Transcribe the listing underneath, keeping each word exact and omitting the images.

● Material provided:
----

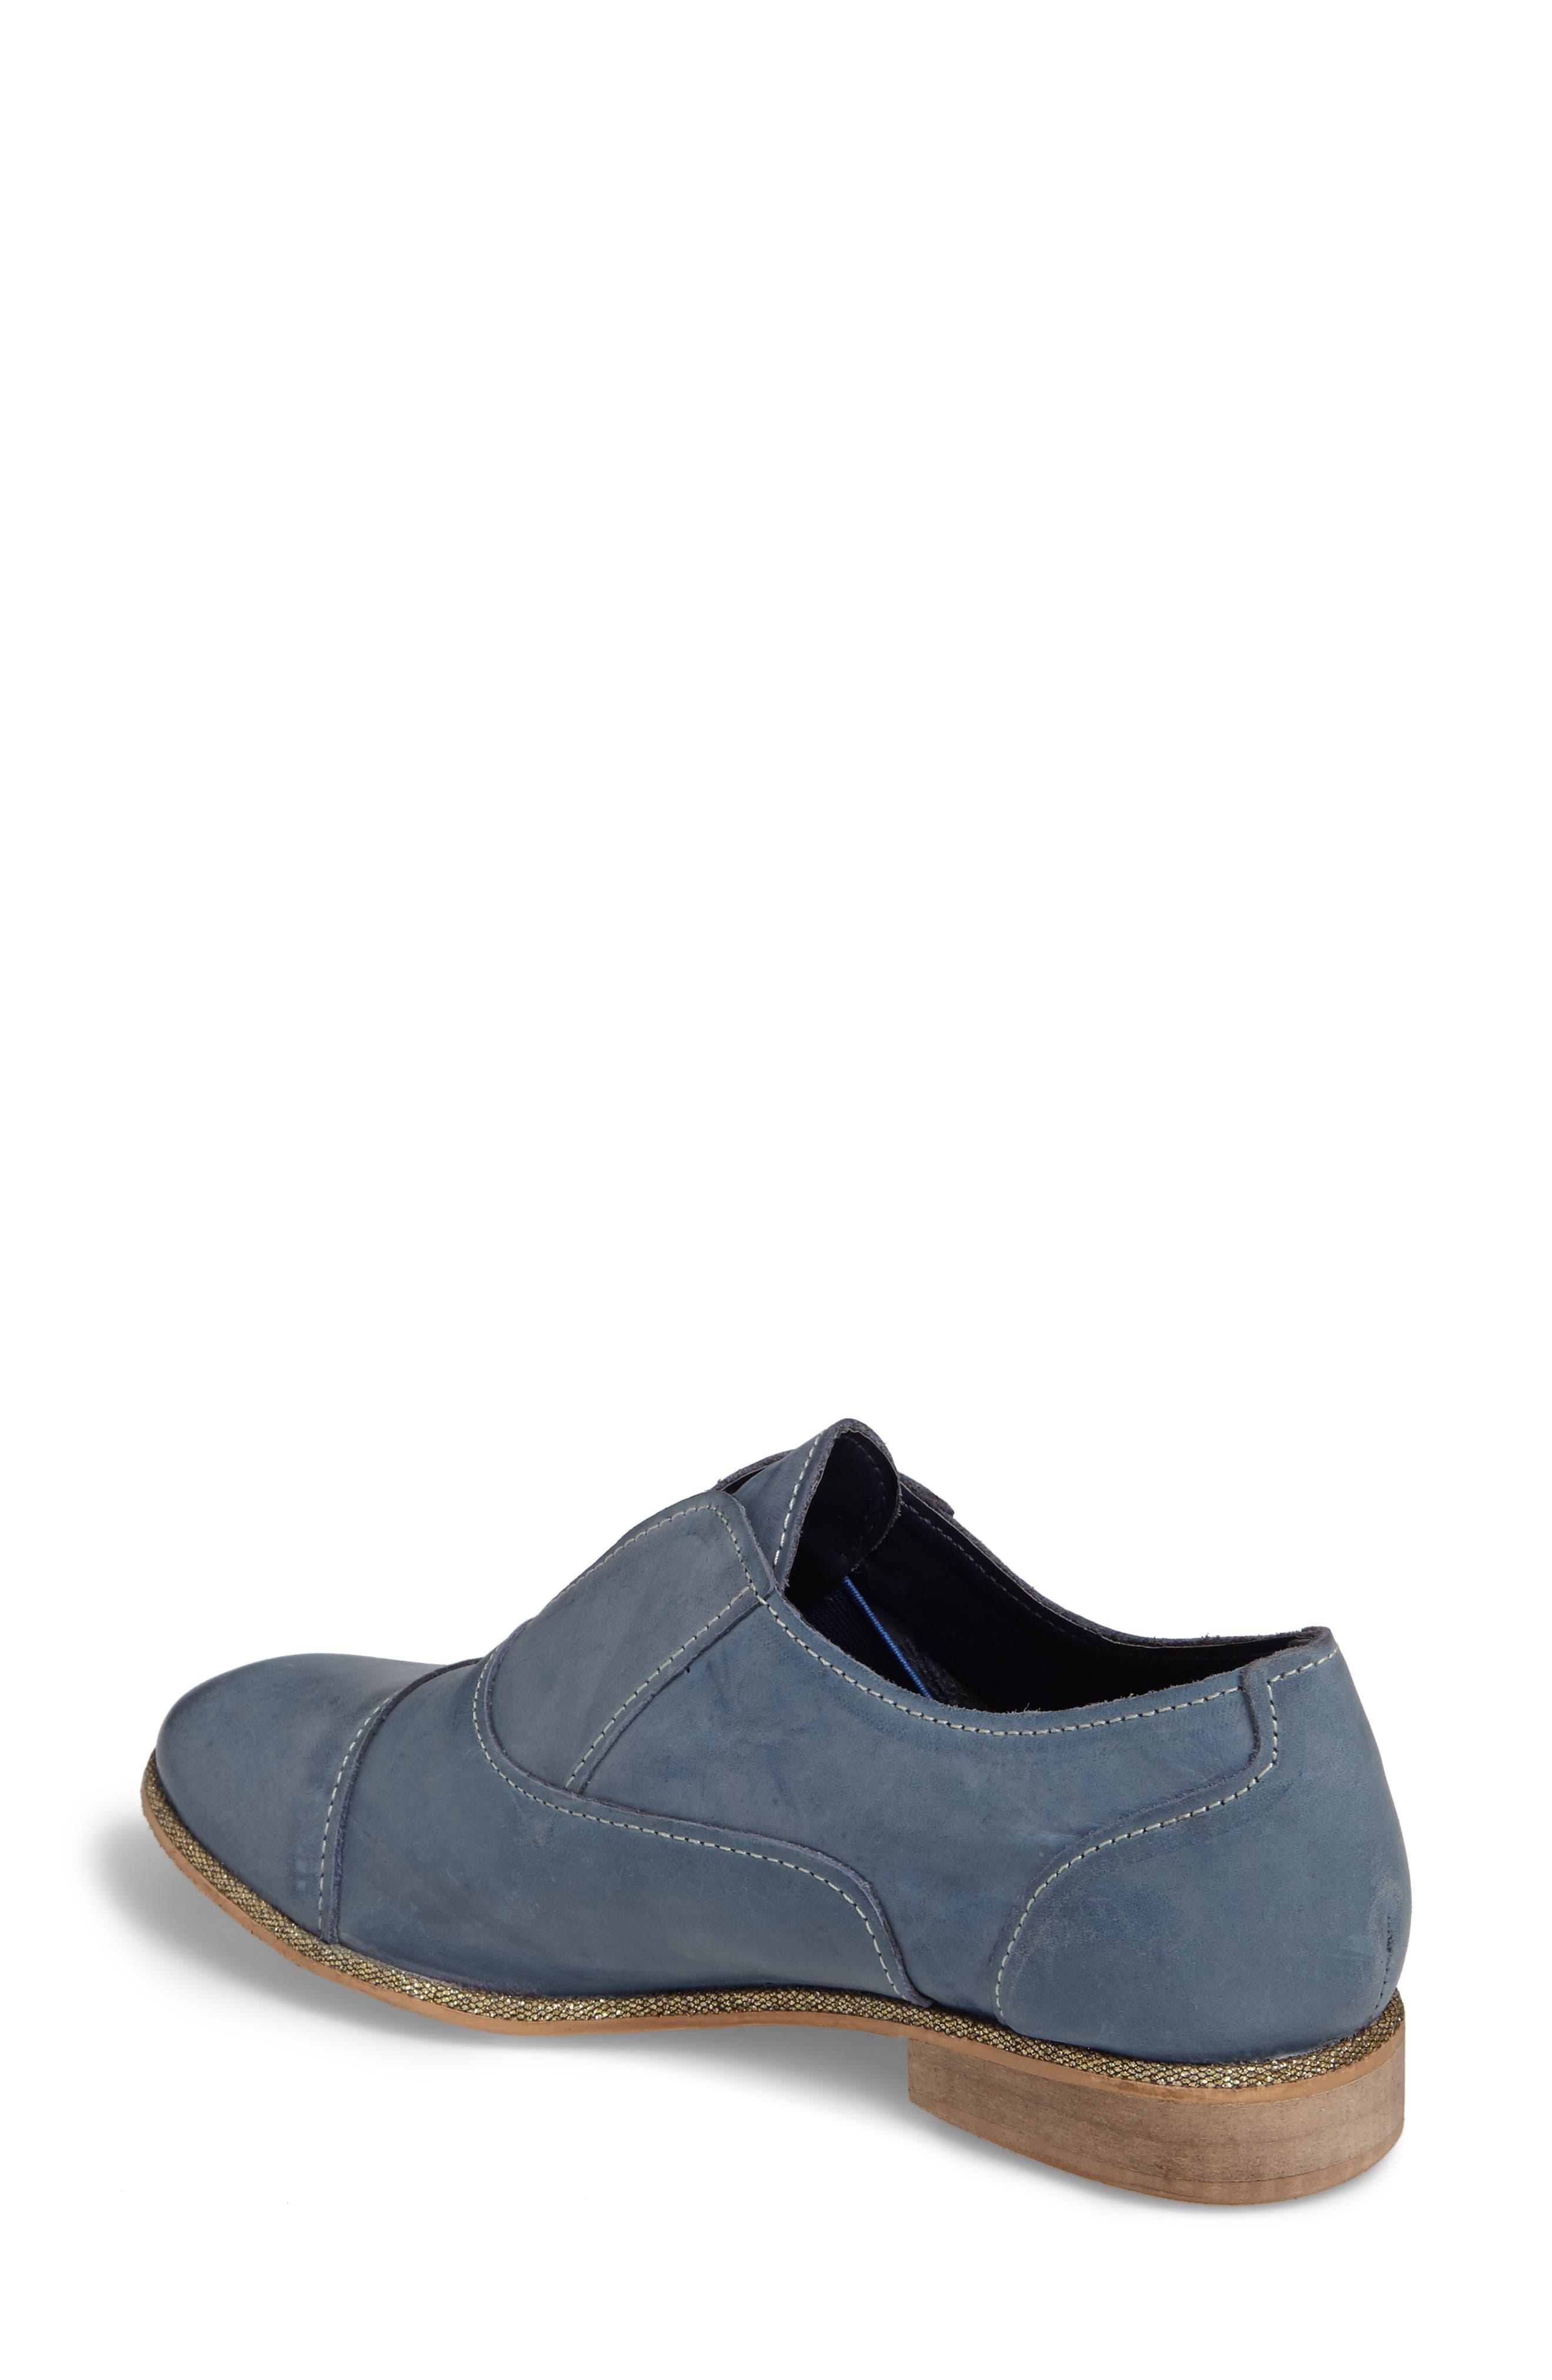 Slip Knot Loafer,                             Alternate thumbnail 2, color,                             Blue Leather
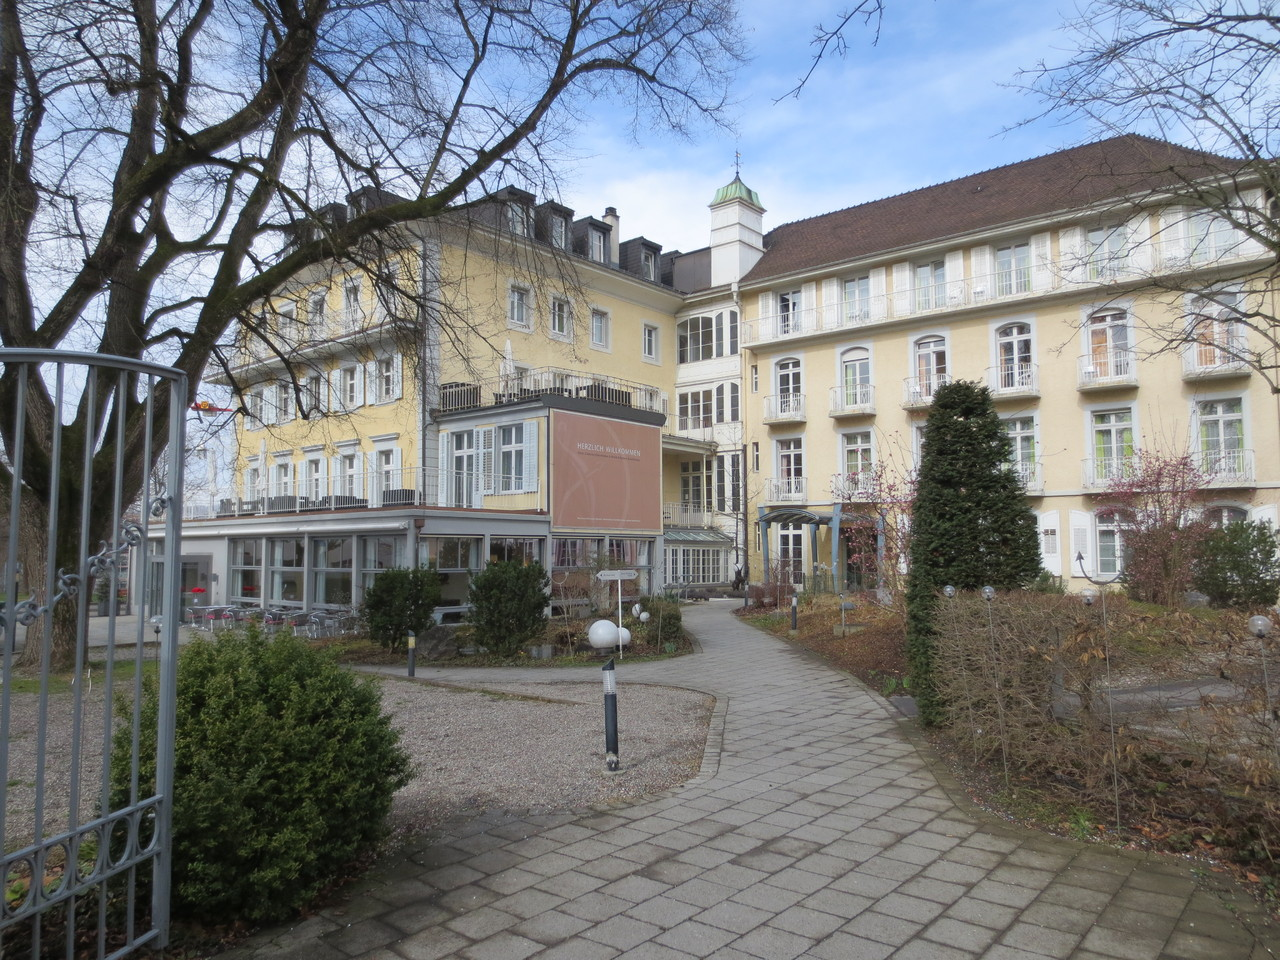 Hotel Restaurant Schützen, CH-4310 Rheinfelden
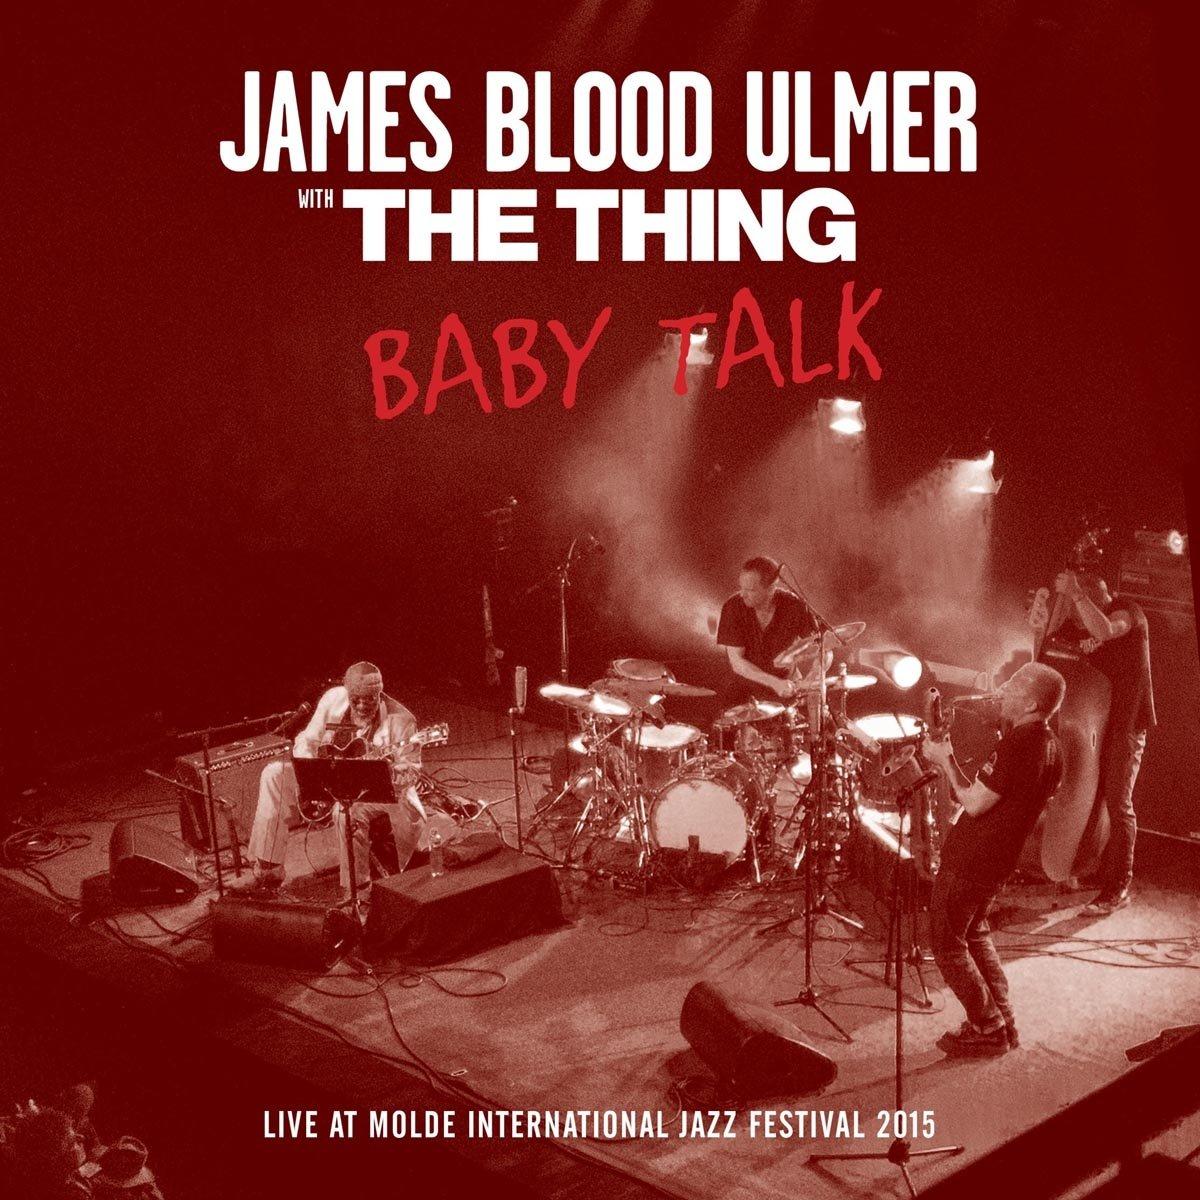 THING & JAMES BLOOD ULMER - Baby Talk (LP Vinyl)

----

● Response for this exercise:
 Slip Knot Loafer,                             Alternate thumbnail 2, color,                             Blue Leather
 Hotel Restaurant Schützen, CH-4310 Rheinfelden
 THING & JAMES BLOOD ULMER - Baby Talk (LP Vinyl)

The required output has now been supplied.